J-Learning, however, is also expected to prove useful to small-market news organizations seeking to add more online news and to journalism programs teaching new media skills, said Schaffer, who directs J-Lab.
The site offers basic training in Web site creation, HTML, page design and use of photos, audio, video, animation, surveys and databases. It also offers tips on advertising, fundraising and e-commerce to help sustain these efforts.
It encourages users to ask questions, post comments, make recommendations about better software and showcase what they have built.
Reporting and researching J-Learning’s content were Hop Studios’ Susannah Gardner and Travis Smith, partners in a Vancouver Internet consulting firm. Gardner is the author of Buzz Marketing with Blogs for Dummies (buzzmarketingblogs.com), published in March 2005, and co-author of two other Internet-publishing guides: Dreamweaver MX 2004 for Dummies and Teach Yourself Visually: Dreamweaver MX 2004.
Travis F. Smith has been a long-time online journalism lecturer in the Annenberg School at the University of Southern California and previously helped to run Variety.com and the Los Angeles Times Web site.
All J-Learning.org’s content was edited by J-Lab’s staff.

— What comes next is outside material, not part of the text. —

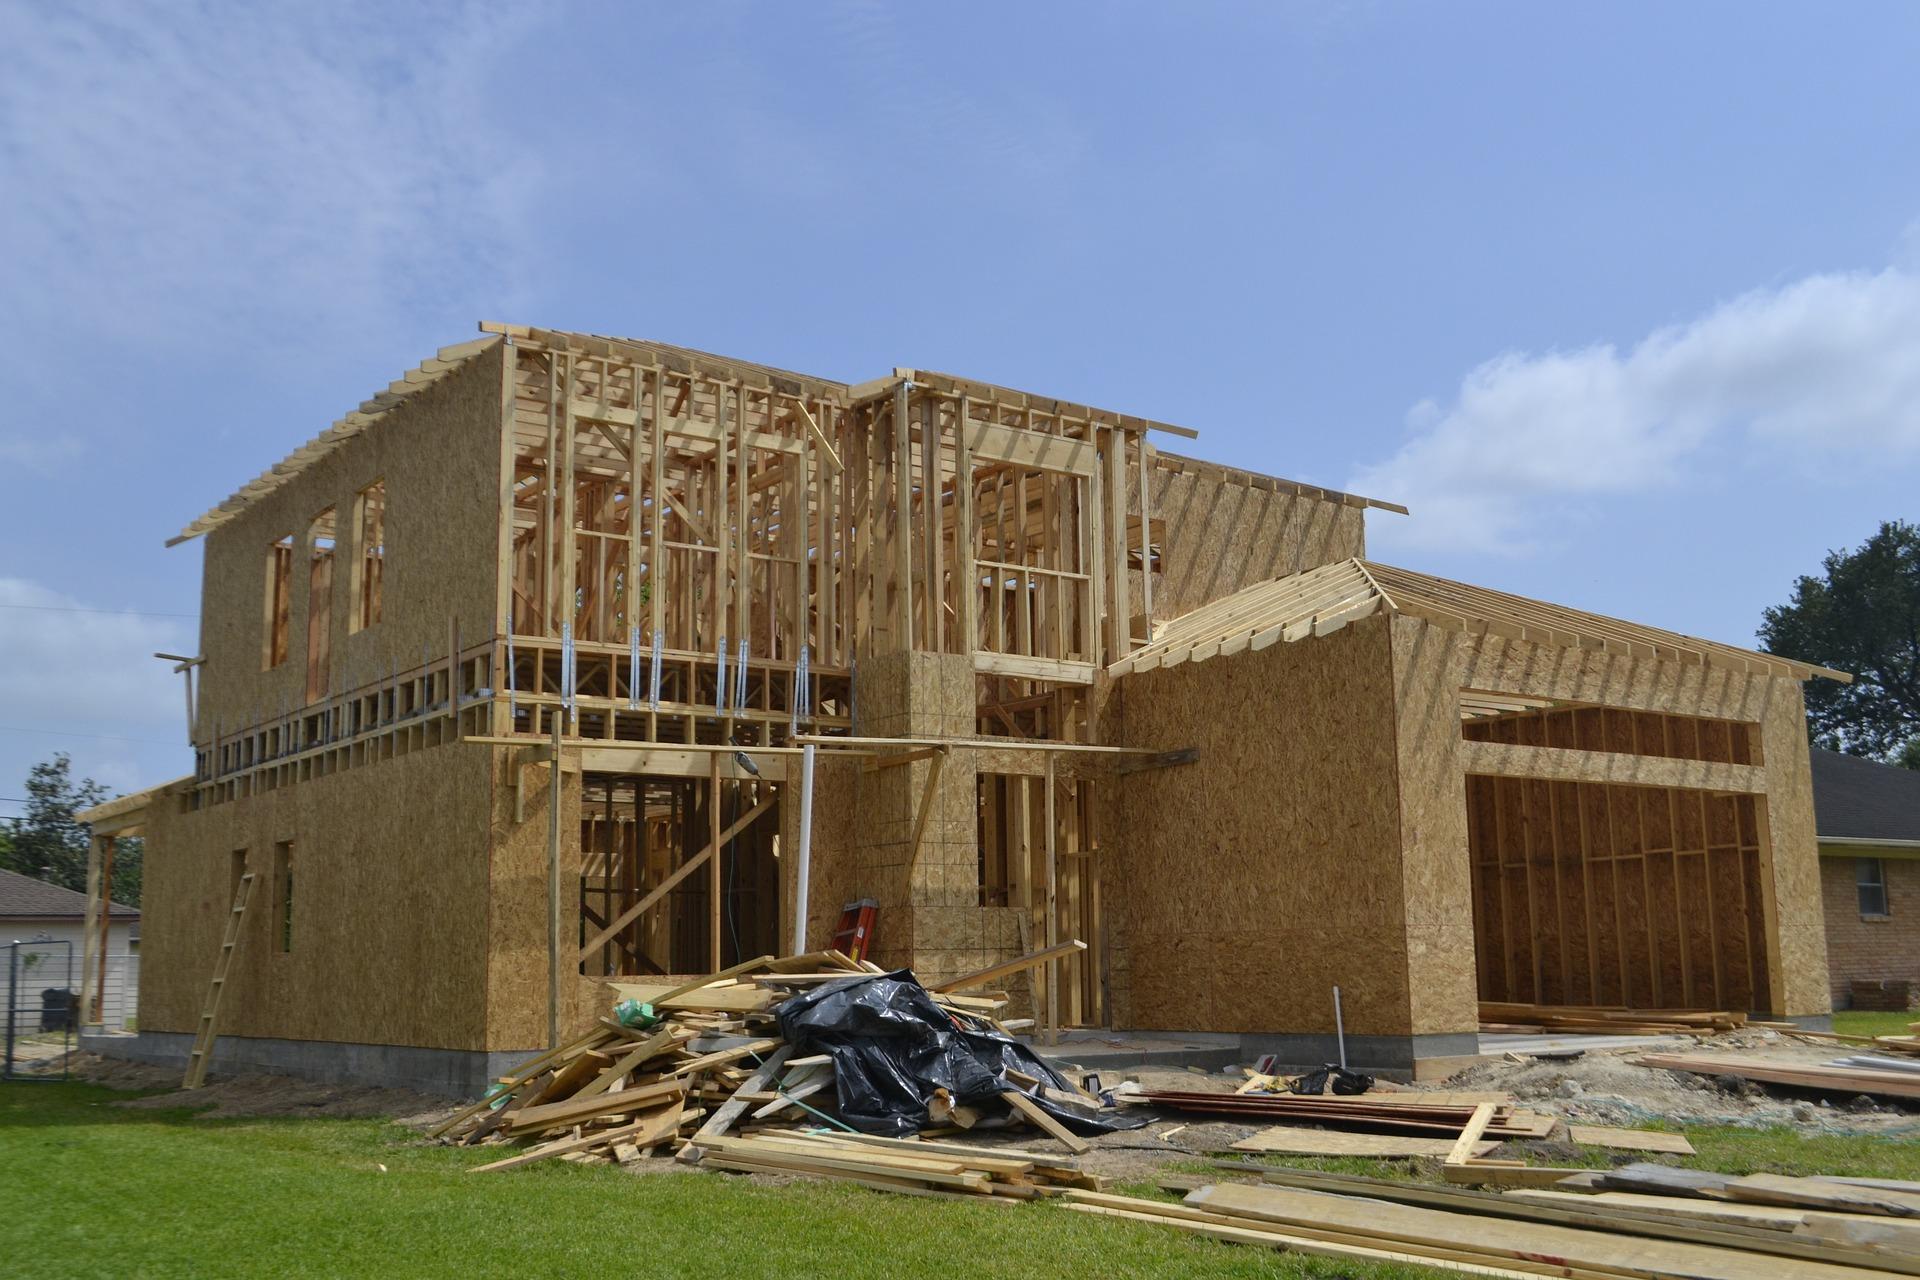 كيف تخطط لمنزل الأحلام ونصائح بناء منزل

J-Lab, a center of the University of Maryland’s Philip Merrill College of Journalism, helps news organizations and citizens use new information ideas and innovative computer technologies to develop new ways for people to engage in public issues. It spotlights interactive news exercises and rewards cutting-edge innovations through its Batten Awards for Innovations in Journalism. It also funds hyperlocal citizens media ventures through its New Voices project.